Jasmina Covic broke through the glass ceiling in 2014 when becoming the youngest and only female agent in the German football business.
Today she runs the Women’s Football Agency – the first of its kind to specialise in women’s football consultancy – alongside Brian Eylert, who once worked with iconic figures such as Lothar Matthaus and Nadine Angerer.
It has been a long road to this point, but every obstacle put in Covic’s path – from narrow-minded sexism to stereotypes in the sporting agency world – have been cleared in groundbreaking fashion.
What has been said?
Speaking to GOAL and SPOX about her initial efforts to work with a men’s football agency, Covic said: “I contacted a few.
“However, I either didn't get any feedback or received a disapproving response like: 'Nobody is interested in women's football anyway'.
"An agent once said to Brian: 'What do you want with that? Let the pretty ones play in bikinis and lock the ugly ones away.'
“People like that are now suddenly also involved in women's football, the great women's experts, and some even call themselves women whisperers. That made me smile a bit.”
What are the difference between women’s and men’s football?

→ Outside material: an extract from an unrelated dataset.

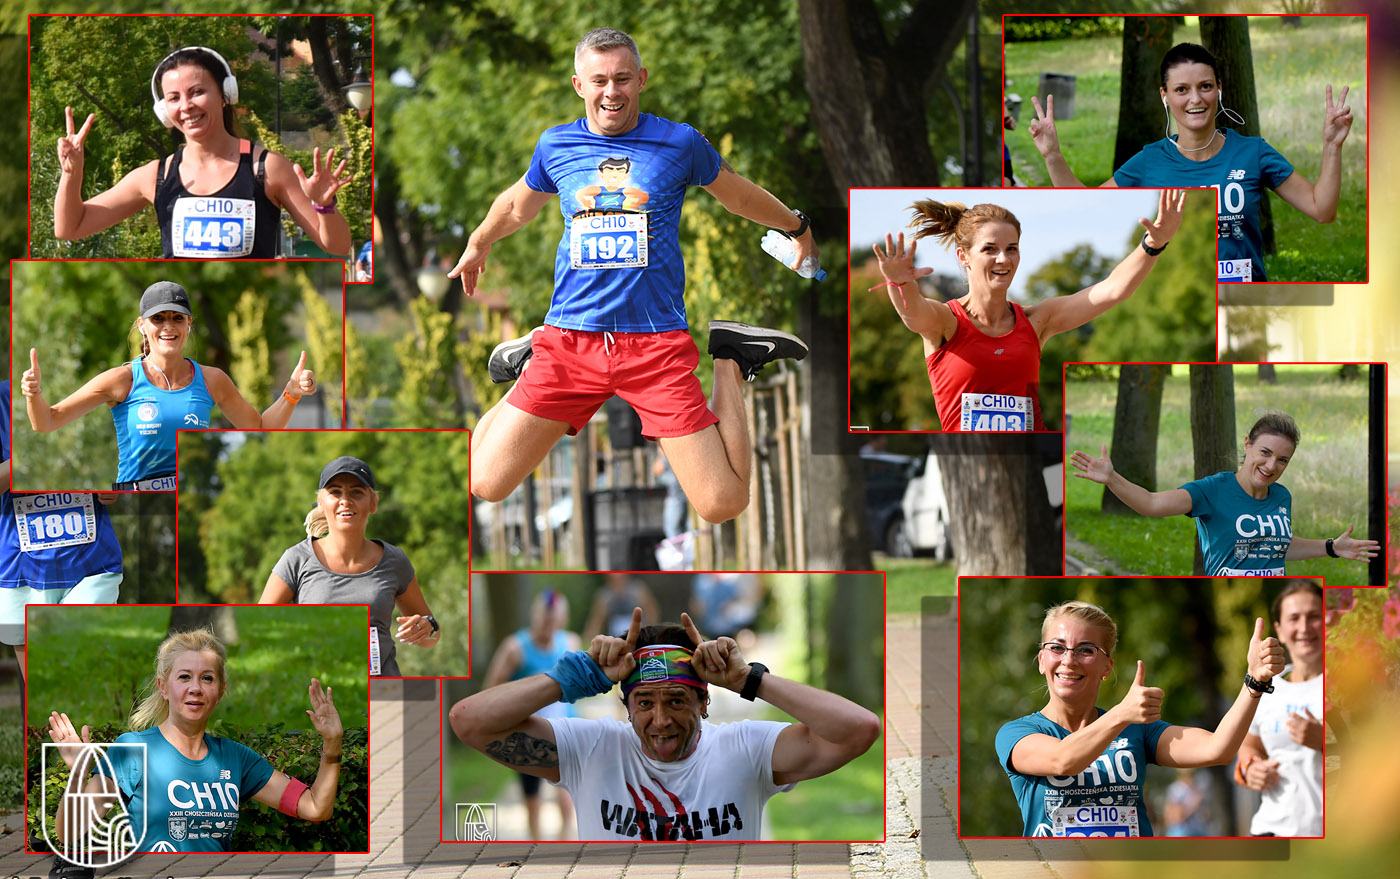 biegacze biorący udział w Choszczeńskiej Dziesiątce

Covic is working hard to break down barriers and level playing fields, but concedes her life is still made more difficult than it should be by contradictory approaches within the male and female games.
She said: “With women, there is a huge fight for sponsors, supplier contracts and equality. You fight for everything, so to speak. It is much easier for an average male Bundesliga player than for an average female Bundesliga player.
“One of our national players is the only one without a supplier contract. Adidas says they don't have the money, but when I hear that an average male player can go shopping with the whole family, and even the agent, at the expense of the supplier, I don't know what to say.
“We have always worked closely with Puma because they were the only brand that supported women's football. Now they have the problem that the players are being poached by Adidas and Nike.”
The bigger picture
On the advice that is offered to female footballers, Covic said: “Some of the players don't care if the advice is bad or if they have no significant experience in women's football.
“Men come in expensive cars and fancy brands and tell them how rich they are and which famous men they have already worked with. That impresses the girls. This makes them fall for people who have nothing to do with women's football. Some players and parents are way too naive.
“A German female national player once thought it was great that she became the first woman to work with a big men's agency. Yet they have never worked with a woman and have no idea whatsoever. Some of them just make you shake your head.”